2. The method of claim 1, wherein the data representing the handwriting is an image of handwriting wntten on a handwntmg medium.
3. The method of claim 2, wherein processing the data representing the handwriting with the one or more handwriting recognition models includes: performing image recognition on the image to identify one or more characters in the image; providing the identified characters to a first model of the one or more handwriting recognition models; and outputting, from the first model, the one or more strokes, the one or more strokes being determined based on the identified characters.
4. The method of claim 2, wherein processing the data representing the handwriting with the one or more handwriting recognition models includes: performing image recognition on the image to identify pixels representing one or more characters in the image; providing the identified pixels to a first model of the one or more handwriting recognition models; and outputting, from the first model, the one or more strokes, the one or more strokes being determined based on the identified pixels.
5. The method of claim 1, wherein the data representing the handwriting is a Unicode representation of digital handwriting.
6. The method of claim 5, wherein processing the data representing the handwriting with the one or more handwriting recognition models includes: providing the Unicode representation to a first model of the one or more handwriting recognition models; and outputting, from the first model, the one or more strokes, the one or more strokes being determined based on the Unicode representation.
7. The method of claim 1, wherein generating the visual representation of the handwriting in the software application includes: generating, with a synthetic generator model, the visual representation of the handwriting based on the one or more strokes and the at least one style characteristic.
8. A computing system for performing handwriting recognition, the computing system comprising: one or more electronic processors; and a non-transitory, computer readable medium comprising instructions that, when executed by the one or more electronic processors, cause the one or more electronic processors to perform operations, the operations comprising: receiving data representing handwriting, the data representing the handwriting including at least one style characteristic of the handwriting; processing the data representing the handwriting with one or more handwriting recognition models; receiving one or more strokes associated with the handwriting from the one or more handwriting recognition models; providing the strokes to a software application that supports digital handwriting; generating a visual representation of the handwriting in the software application based on the strokes; and generating a style for future digital handwriting in the software application, the style being generated based on the strokes and the at least one style characteristic of the handwriting.
9. The computing system of claim 8, wherein the data representing the handwriting is an image of handwriting written on a handwriting medium.

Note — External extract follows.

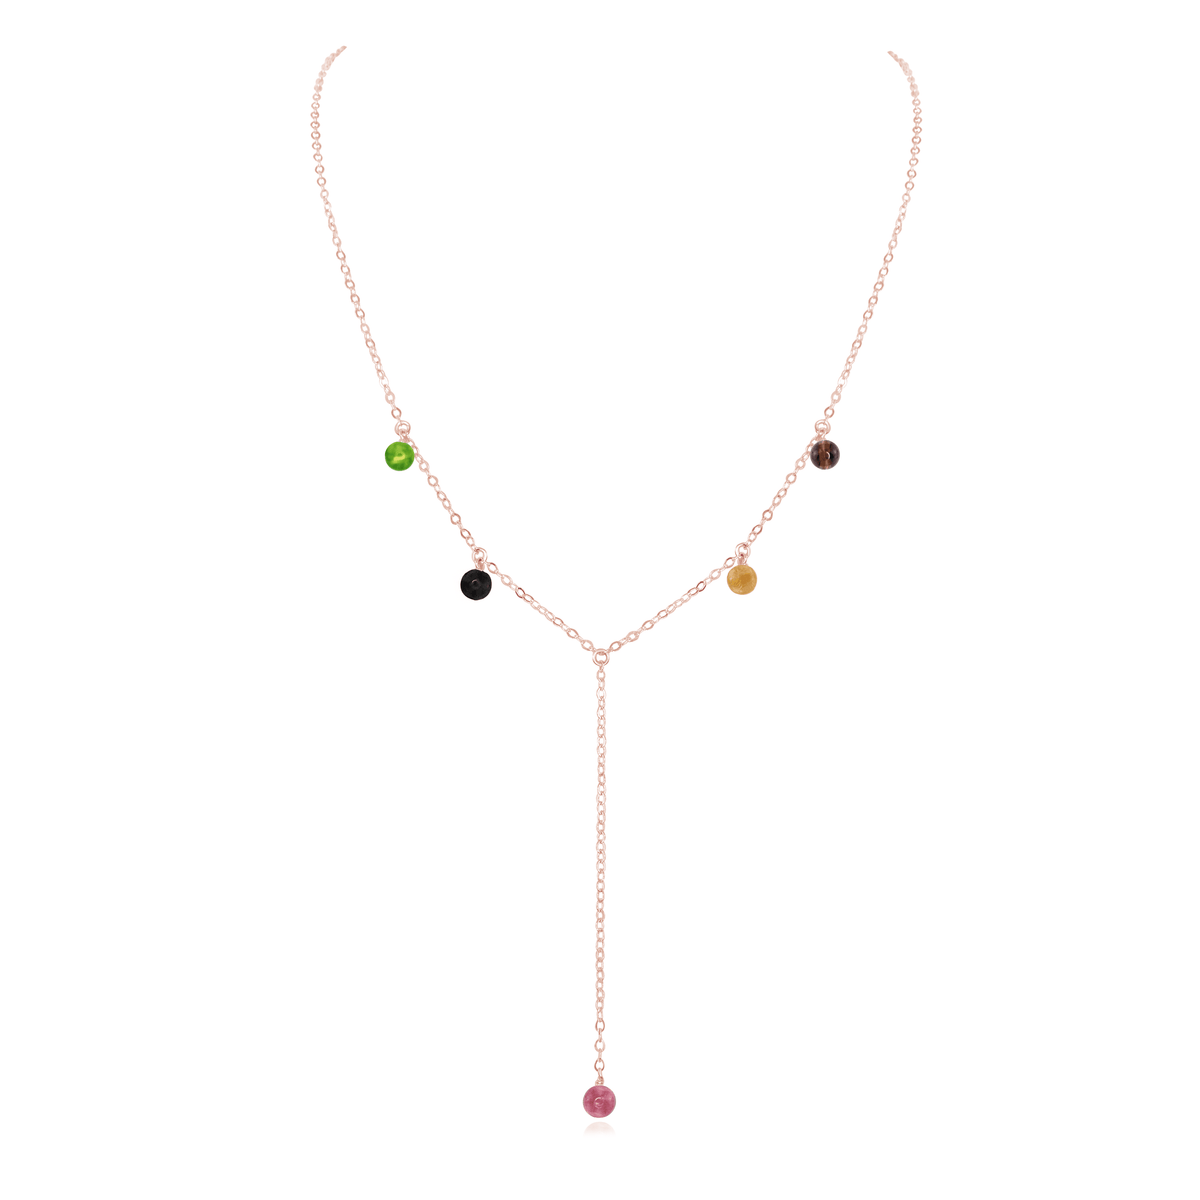 Rainbow Tourmaline Boho Lariat Necklace - Rainbow Tourmaline Boho Lariat Necklace - 14k Rose Gold Fill - Luna Tide Handmade Crystal Jewellery

10. The computing system of claim 9, wherein processing the data representing the handwriting with the one or more handwriting recognition models includes: performing image recognition on the image to identify one or more characters in the image; providing the identified characters to a first model of the one or more handwriting recognition models; and outputting, from the first model, the one or more strokes, the one or more strokes being determined based on the identified characters.

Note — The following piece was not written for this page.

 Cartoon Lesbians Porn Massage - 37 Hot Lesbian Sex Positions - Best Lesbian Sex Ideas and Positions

11. The computing system of claim 9, wherein processing the data representing the handwriting with the one or more handwriting recognition models includes: performing image recognition on the image to identify' pixels representing one or more characters in the image; providing the identified pixels to a first model of the one or more handwriting recognition models; and outputting, from the first model, the one or more strokes, the one or more strokes being determined based on the identified pixels.
12. The computing system of claim 8, wherein the data representing the handwriting is a Unicode representation of digital handwriting.
13. The computing system of claim 12, wherein processing the data representing the handwriting with the one or more handwriting recognition models includes: providing the Unicode representation to a first model of the one or more handwriting recognition models; and outputting, from the first model, the one or more strokes, the one or more strokes being determined based on the Unicode representation.
14. The computing system of claim 8, wherein generating the visual representation of the handwriting in the software application includes: generating, with a synthetic generator model, the visual representation of the handwriting based on the one or more strokes and the at least one style characteristic.
15. A non-transitory, computer readable medium comprising instructions that, when executed by one or more electronic processors, cause the one or more electronic processors to perform operations, the operations comprising: receiving data representing handwriting, the data representing the handwriting including at least one style characteristic of the handwriting; processing the data representing the handwriting with one or more handwriting recognition models; receiving one or more strokes associated with the handwriting from the one or more handwriting recognition models; providing the strokes to a software application that supports digital handwriting; generating a visual representation of the handwriting in the software application based on the strokes; and generating a style for future digital handwriting in the software application, the style being generated based on the strokes and the at least one style characteristic of the handwriting.
16. The non-transitory, computer-readable medium of claim 15, wherein the data representing the handwriting is an image of handwriting written on a handwriting medium.
17. The non-transitory, computer-readable medium of claim 16, wherein processing the data representing the handwriting with the one or more handwriting recognition models includes: performing image recognition on the image to identify one or more characters in the image; providing the identified characters to a first model of the one or more handwriting recognition models; and outputting, from the first model, the one or more strokes, the one or more strokes being determined based on the identified characters.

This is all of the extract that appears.